Another example is the number of non-negative integer solutions of equation a+b+c+d= 12, which can be solved by this method.
10. If there are difficulties, use the reverse exclusion method.
For the most or least permutation and combination problem, if the direct answer needs complicated discussion, we can consider the method of "overall impurity removal", that is, deleting the unqualified permutation and combination in the group, so as to calculate the qualified permutation and combination number.
Example 9. Three TV sets are randomly selected from four A-type and five B-type TVs, including at least 1 A-type TV sets and 1 B-type TV sets, so there are () different ways to choose * *.
A. 140 species B.80 species C.70 species D.35
Solution: Among the three stations taken out, there is no extraction method that does not contain a or does not meet the meaning of the question, so the extraction method that meets the meaning of the question is C93-C43-C53=70 (species), so C.

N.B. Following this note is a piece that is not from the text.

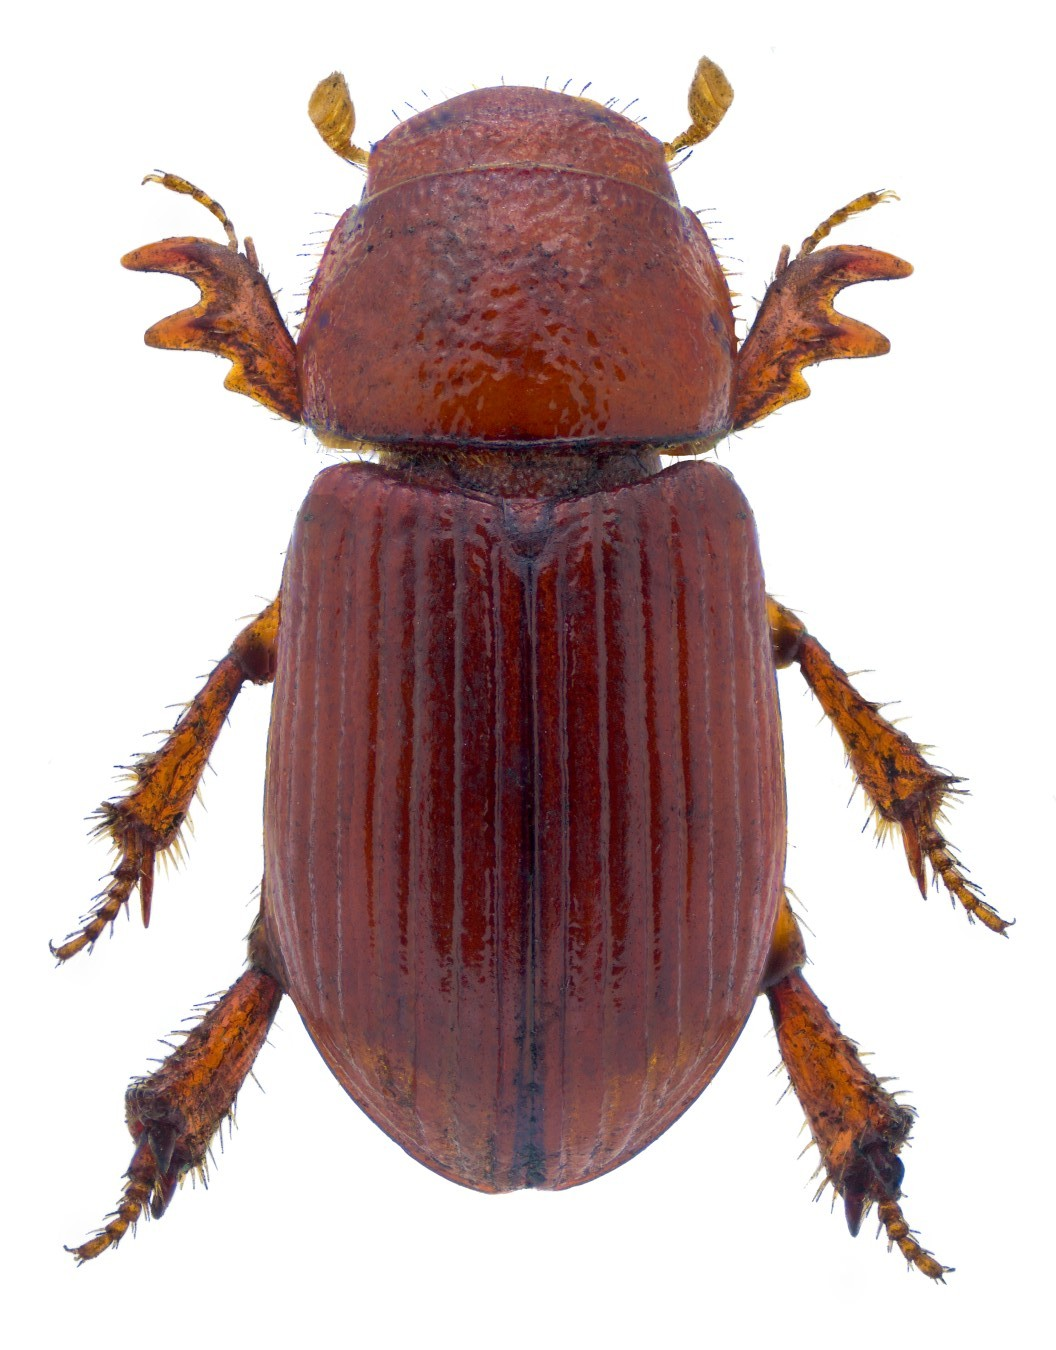 Rhysothorax rufa

Note: This method is suitable for exercises with clear negative situation and simple calculation.
XI。 Step-by-step exploration method: the problem of complex situation and difficult to find its law needs careful analysis and exploration.
Example: 10, from 1 to 100. If two different numbers are taken at a time to make their sum greater than 100, how many different numbers are taken?

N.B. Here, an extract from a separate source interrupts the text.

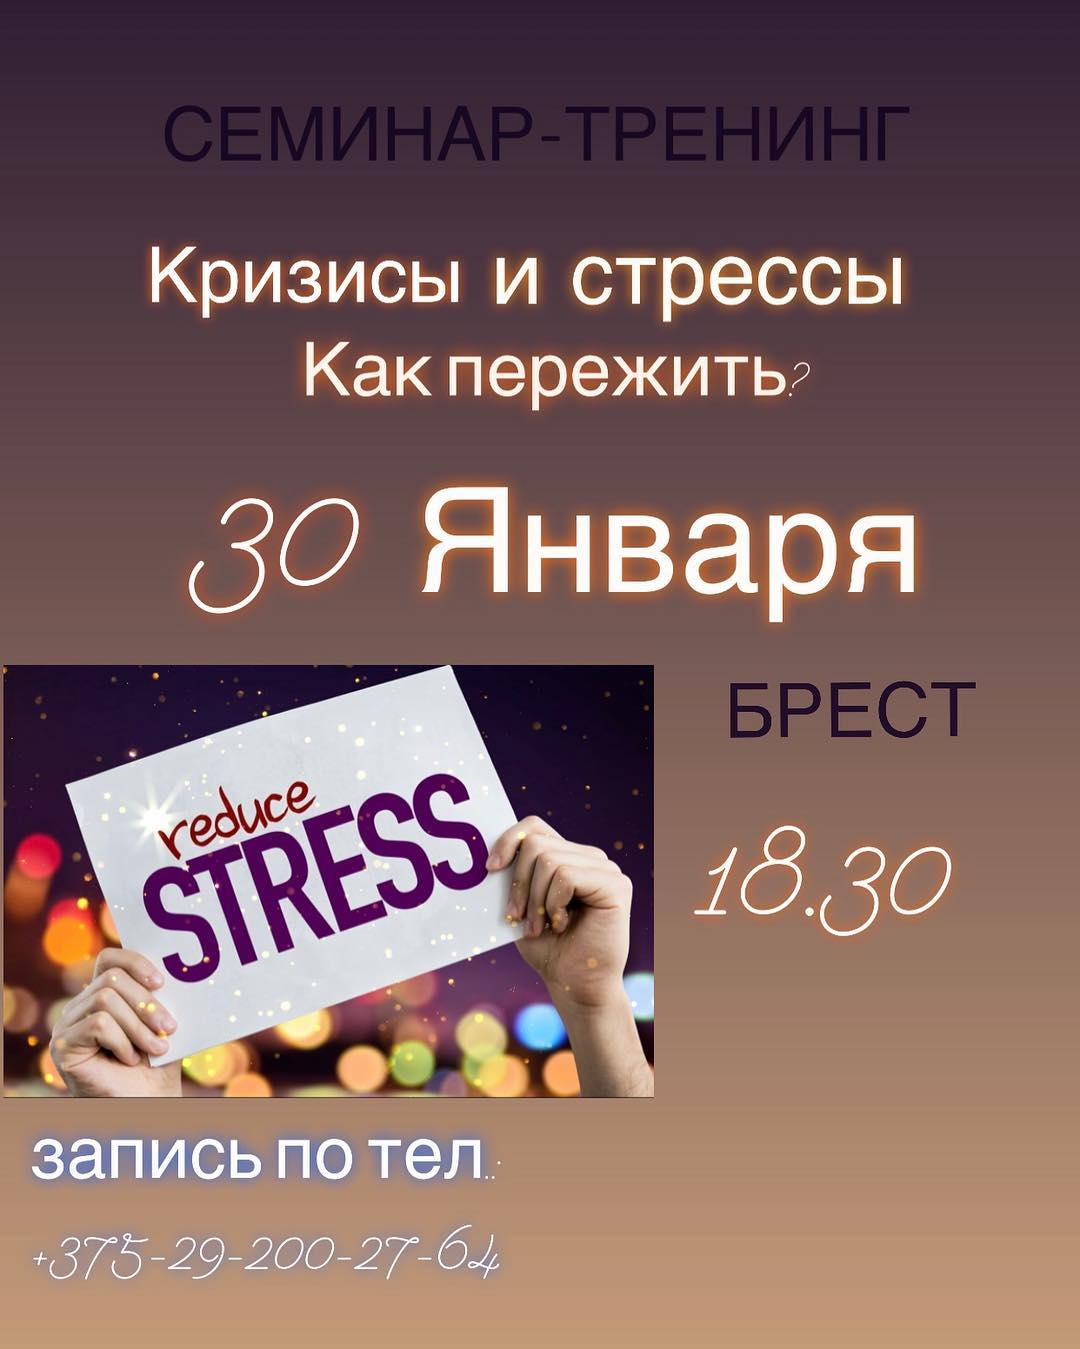 Брест, кризис, стресс

Solution: In the addition of two numbers, the smaller number is the addend,1+100 >; When 100 and 1 are addends, 1, 2 is addend, …, 49 is addend, 50 is addend, but 5 1 is addend, 48 is addend, …, 99.
Twelve. One-to-one correspondence:
For example: 1 1. How many games does it take to make a single-round knockout among 100 players (that is, to quit the competition after failing) to finally win the championship?
Solution: To produce a champion, all players except the champion must be eliminated, that is, 99 players must be eliminated and 1 player must be eliminated, so there are 99 games.
It should be pointed out that the above methods are commonly used to solve the general permutation and combination problems, but they are not absolute. Mathematics is a very flexible course, and there are sometimes many solutions to the same problem. At this time, we should think carefully and choose the best method flexibly. There are also "classification", "arrangement" and "equal probability method" of multivariate problems, so I won't go into details here.